Rome and Berlin are siding with the European automotive industry in calling for the EU to relax CO2 emissions standards for cars as the bloc aims to end the sale of new petrol and diesel models by 2035.

Italy and Germany are mustering support from other EU members for a call to relax EU targets for reducing car CO2 emissions and reconsider a 2035 ban on the sale of petrol and diesel models, Italian Industry Minister Adolfo Urso said in Brussels Wednesday evening.
It was now “certain” that the ban – actually a zero limit on tailpipe emissions – would not be achieved, and the two countries plan to propose at an EU Council summit Thursday that a review clause in the legislation be brought forward from the end of 2026 to early 2025, Urso said.
Echoing recent warnings from manufacturers, Urso said Europe’s car industry had “collapsed” and predicted “tens of thousands” of redundancies in the sector unless the EU changed course.
The EU had two choices, the Italian minister said: firstly, to keep the target and create the conditions to allow the car industry to achieve it – an approach favoured by German economy minister Robert Habeck. “Or if we fail to do all this we just have to…postpone the objectives,” he said.

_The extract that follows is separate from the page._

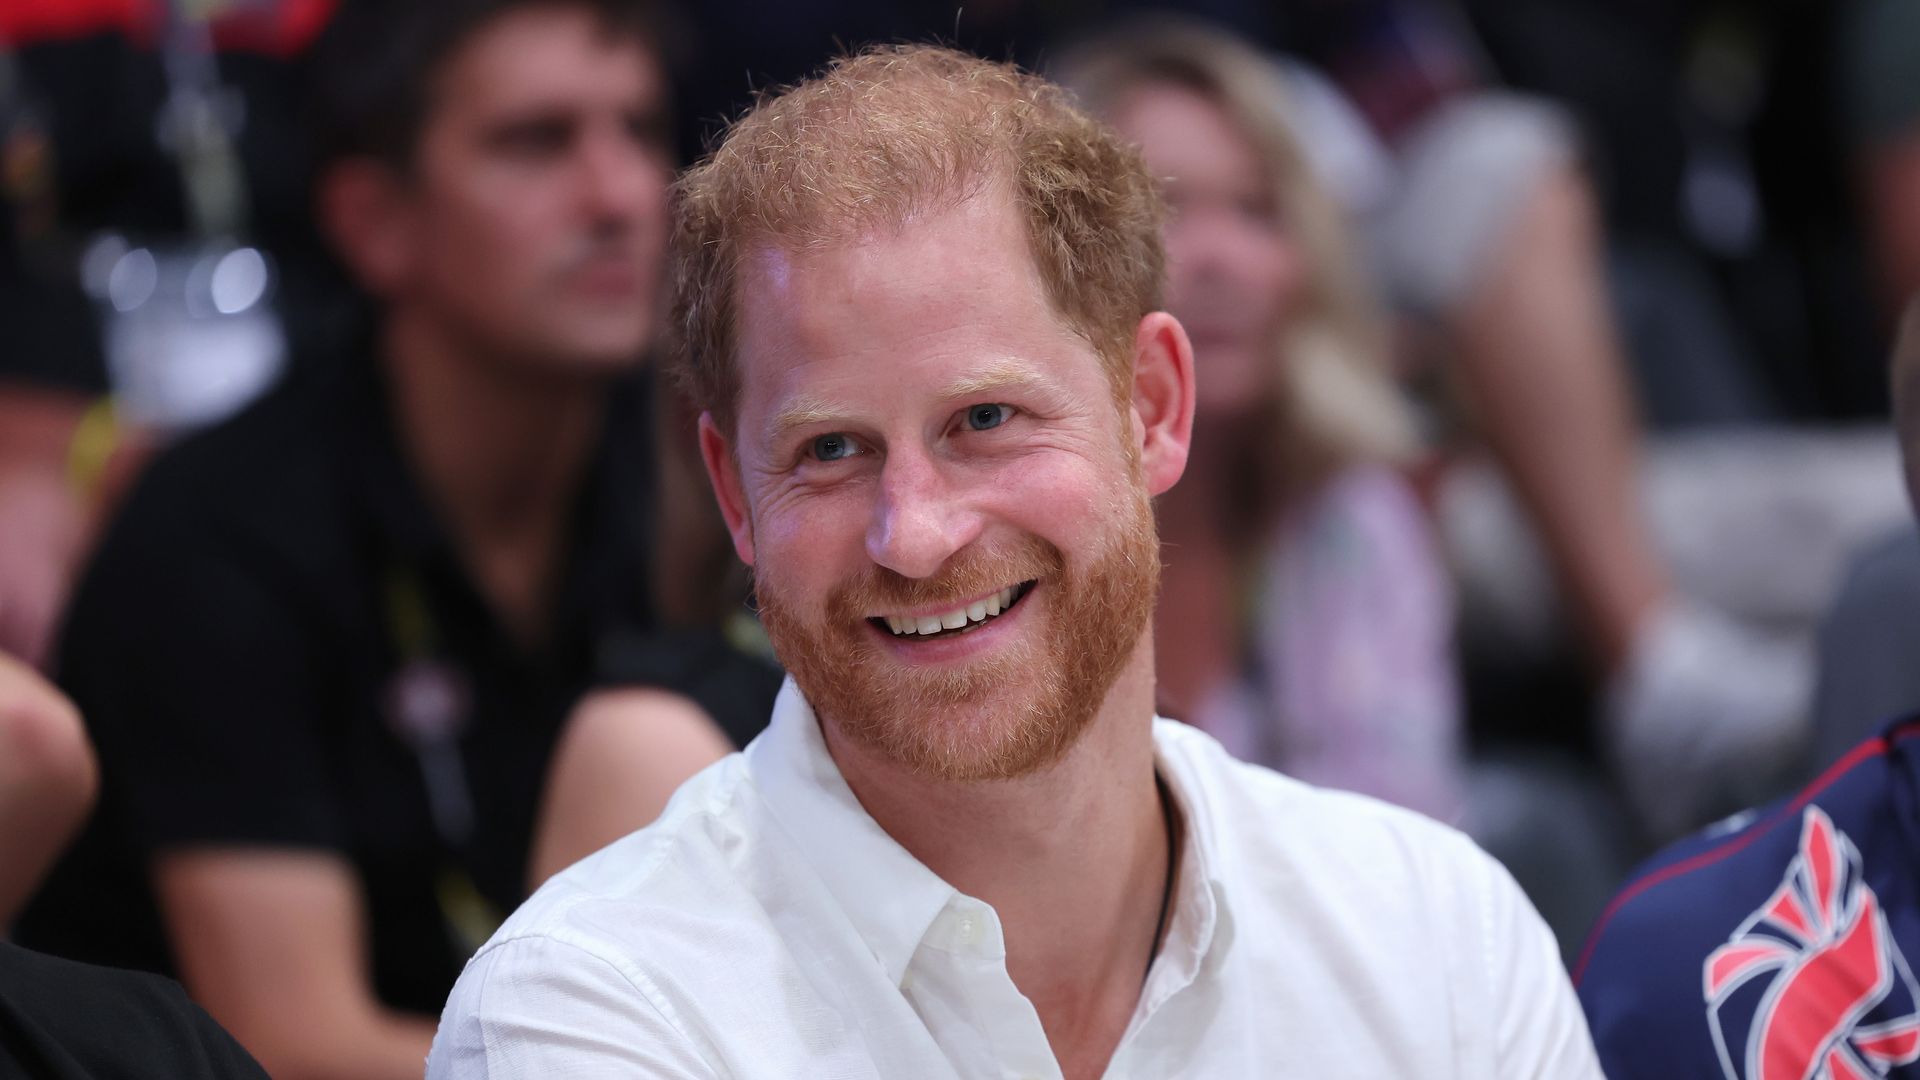 Prince Harry smiling in at the Invictus Games

Urso’s statements came three months after Prime Minister Giorgia Meloni dismissed the 2035 ban as “ideological madness,” and just days after an appeal from the European Automobile Manufacturers’ Association (ACEA), which reacted to a dip in e-car sales last week by going public with a call to postpone the application of more stringent emissions limits.
The influential Brussels-based group – whose members include BMW, Ford, Renault, Volkswagen and Volvo – warned on 19 August that new car registrations fell below 644,000 in August, a more than 18% drop compared to the same month in 2023. Sales of electric cars saw the largest proportional drop, with market share falling by almost a third from the 21% recorded last year.

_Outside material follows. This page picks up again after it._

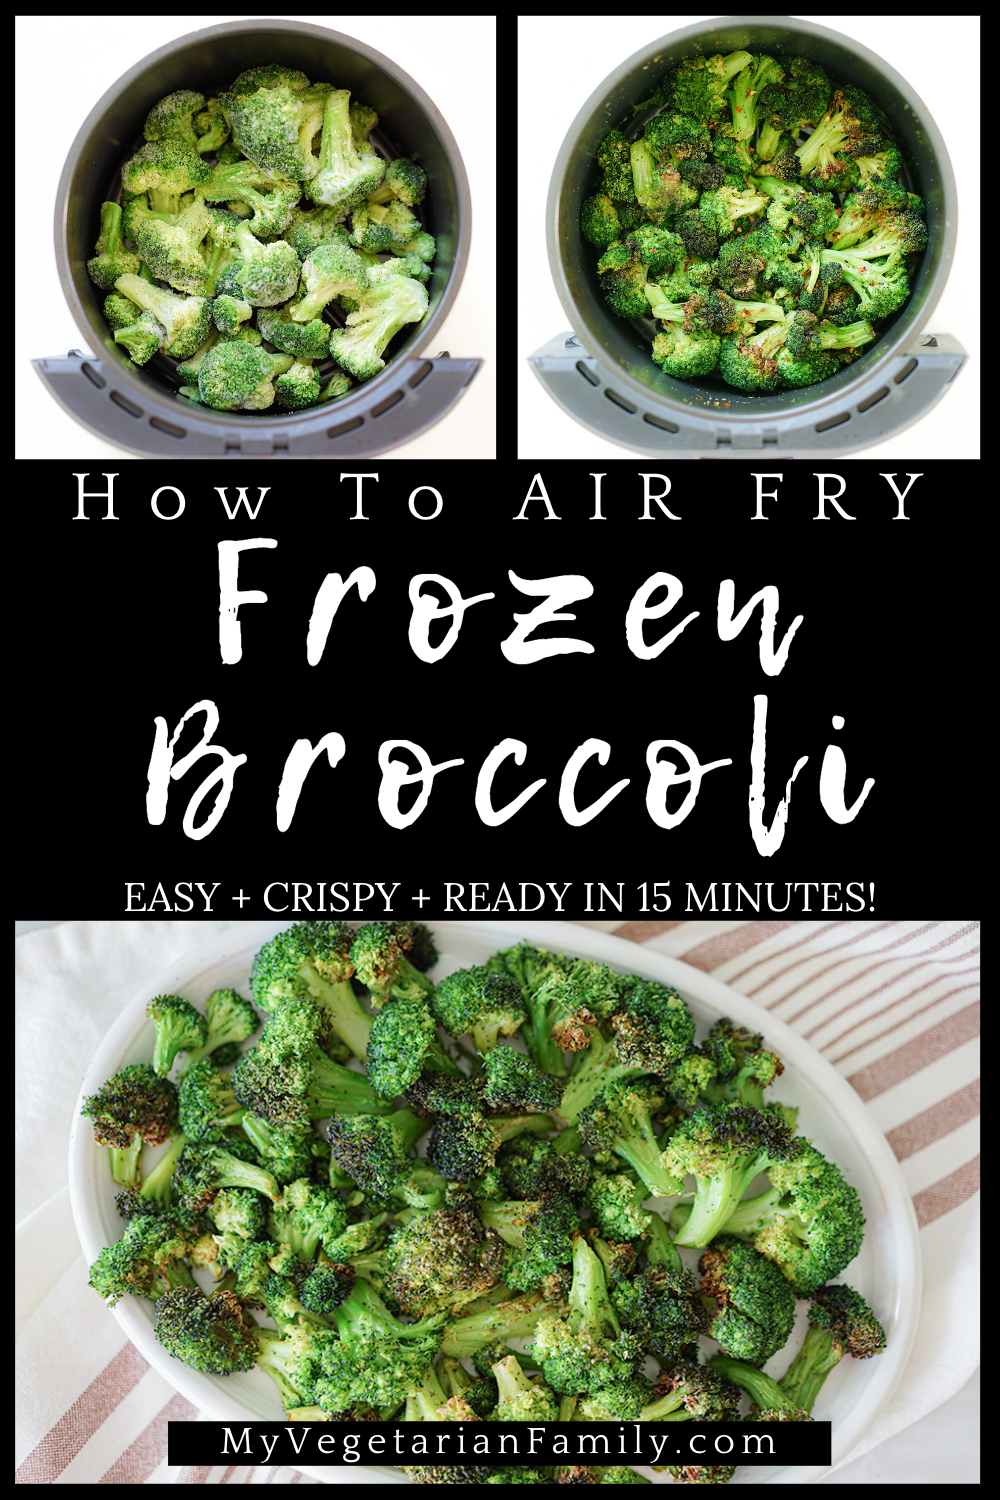 How To Air Fry Frozen Broccoli | My Vegetarian Family #airfryertips #frozenbroccoli

“We are missing crucial conditions to reach the necessary boost in production and adoption of zero-emission vehicles: charging and hydrogen refilling infrastructure, as well as a competitive manufacturing environment, affordable green energy, purchase and tax incentives, and a secure supply of raw materials, hydrogen and batteries,” ACEA’s board of directors said.
Currently carmakers must ensure that the emissions of all the cars they sell in a given year average no more than 115.1 grammes per kilometre, and the limit is set to tighten to 93.6g next year – a figure that will be harder to achieve as electric vehicle sales fall in a market increasing dominated by larger SUV models.
Facing what it called the “daunting prospect of … multi-billion-euro fines” next year, ACEA urged the EU to implement “urgent relief measures”. But the European Commission appears to believe the blame for its predicament lies at least partly with the industry itself.
“There’s still 15 months of car sales ahead and the industry has time…to meet their targets,” a Commission spokesperson told reporters on Tuesday. “It is also worth recalling the target for 2025 was agreed in 2019 and…we have designed these policies in a way that the industry has time to adapt.”
Further emissions reduction deadlines adopted last year mean that only cars and vans emitting no CO2 at all can be sold in the EU as of 2035 – a de facto ban on petrol and diesel models.
However, in a last-minute tweak forced by Germany, a clause was inserted calling for a review in 2026 on potentially allowing the continued registration of cars intended to be run on synthetic ‘low-carbon’ fuels – which would amount to a reprieve for the internal combustion engine.
The automotive lobby also wants this review, and a similar one for heavy goods vehicles due a year later, to be brought forward to 2025. Industrial sectors, from generators to battery manufacturers that stand to gain from accelerated electrification of Europe’s energy system are lobbying hard for the EU to stick to its current targets.